Abstract
Background: Endodontic procedures such as root canal treatment (RCT) would be at the risk of failure like other medical interventions due to any unsuitable conditions. In this regard, applying low-efficiency techniques can cause several negative consequences such as errors in length, cleaning, shaping, and the quality of obturation. The aim of this study was to determine the iatrogenic errors and the quality of RCTs on mandibular premolars in the Ardabil population by using cone beam computed tomography (CBCT) images in 2018.
Methods: This cross-sectional retrospective study was carried out using the archive of Dr. Basser Radiology Center in 2018. The axial, coronal, and sagittal sections of CBCT images were observed for detecting missing canals, perforations, ledges, vertical root fractures (VRFs), and the quality of endodontic filling. The observation process was done by an endodontist, a radiologist, and a dentistry student. The collected data were analyzed using SPSS software, version 20 and the descriptive statistical method (frequency and percentage) was used for reporting the results.

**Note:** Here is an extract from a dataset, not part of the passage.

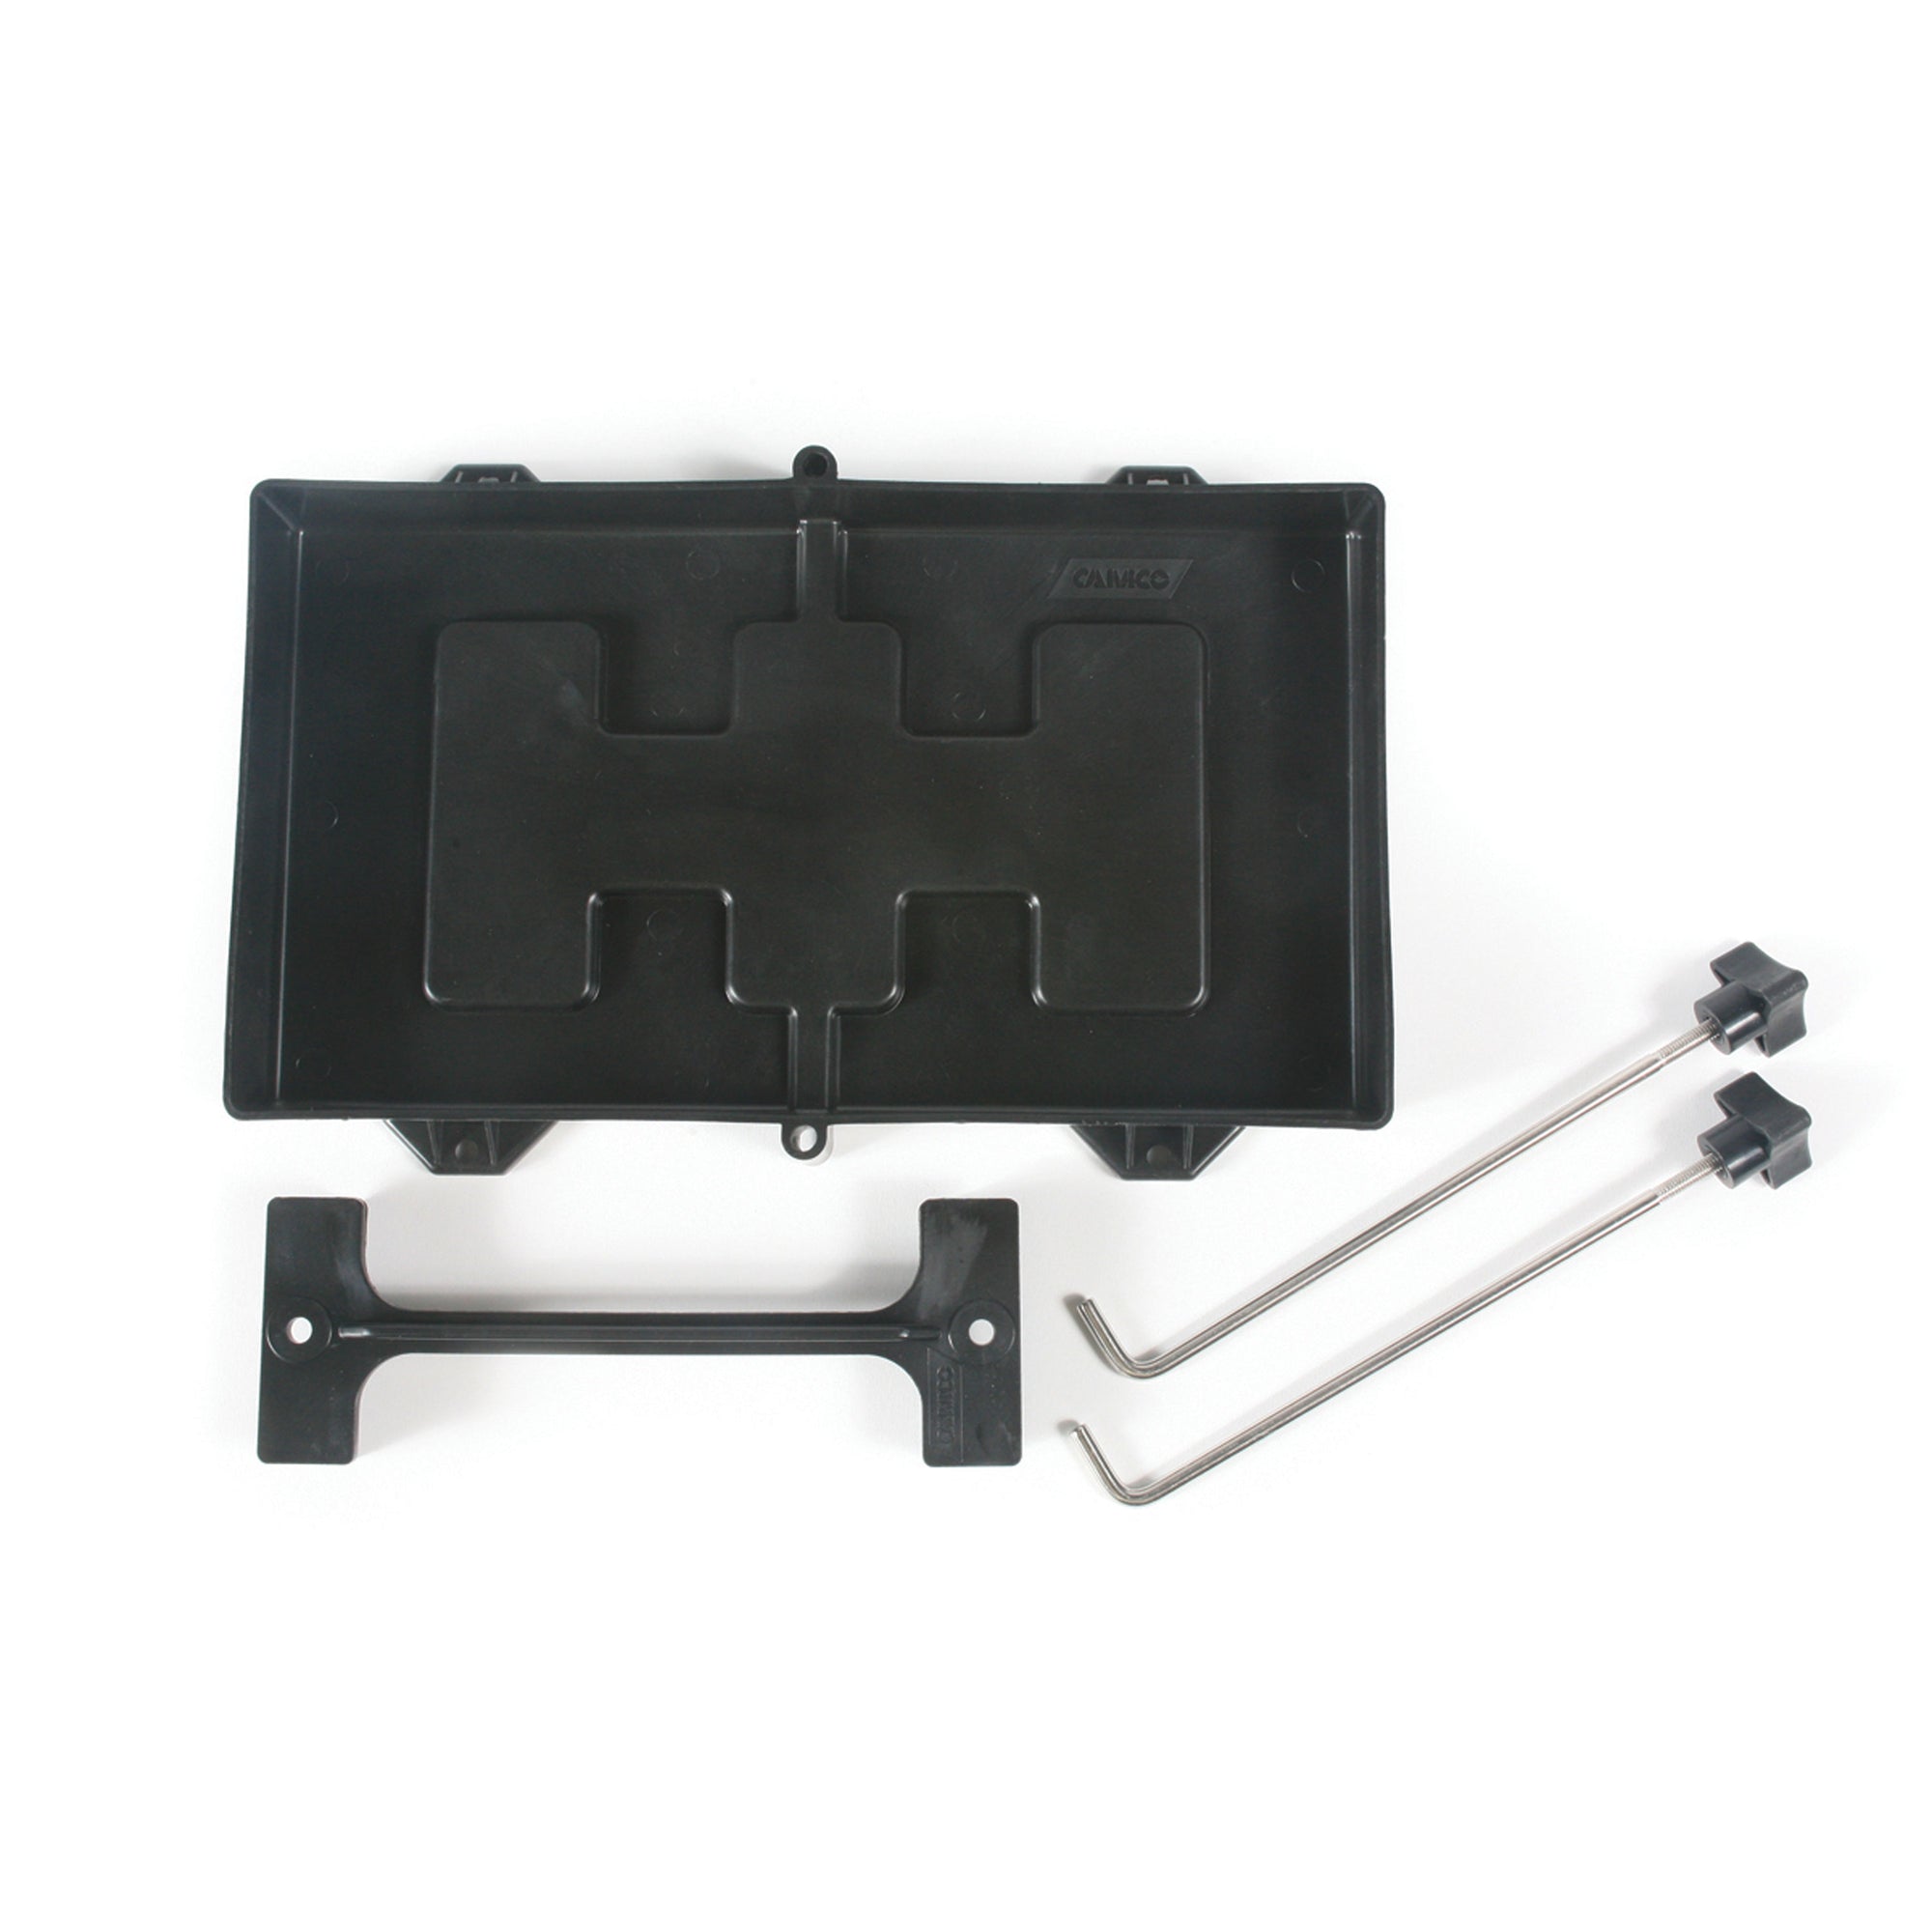 Camco 55404 Battery Tray - Large

Results: The results showed that underfilling was the most common error in the second and first mandibular premolar (9.5% compared with 9.2%), respectively. In addition, overfilling and missing canal were the second and third common errors in this study (6.3% and 3.9%). On the other hand, ledge, perforation, and VRF in the second premolar were the least common failures (0.26%). However, perforation and VRF were not found in the first mandibular premolars. It was observed that missing canals occur as lingual, mesial, and buccal types. All the missing canals of the first mandibular premolar were of lingual type. In comparison, in the second premolar, 71.4% of the missing canals were lingual and the remaining canals were mesial or buccal (each 14.3%).
Conclusions: Overall, the results of the present study revealed that the most common mistakes were errors in length and missing canals, therefore, more education is recommended toward employing working length determination techniques, using electric apex locator, obtaining more knowledge of anatomy variation, and using CBCT in doubtful cases.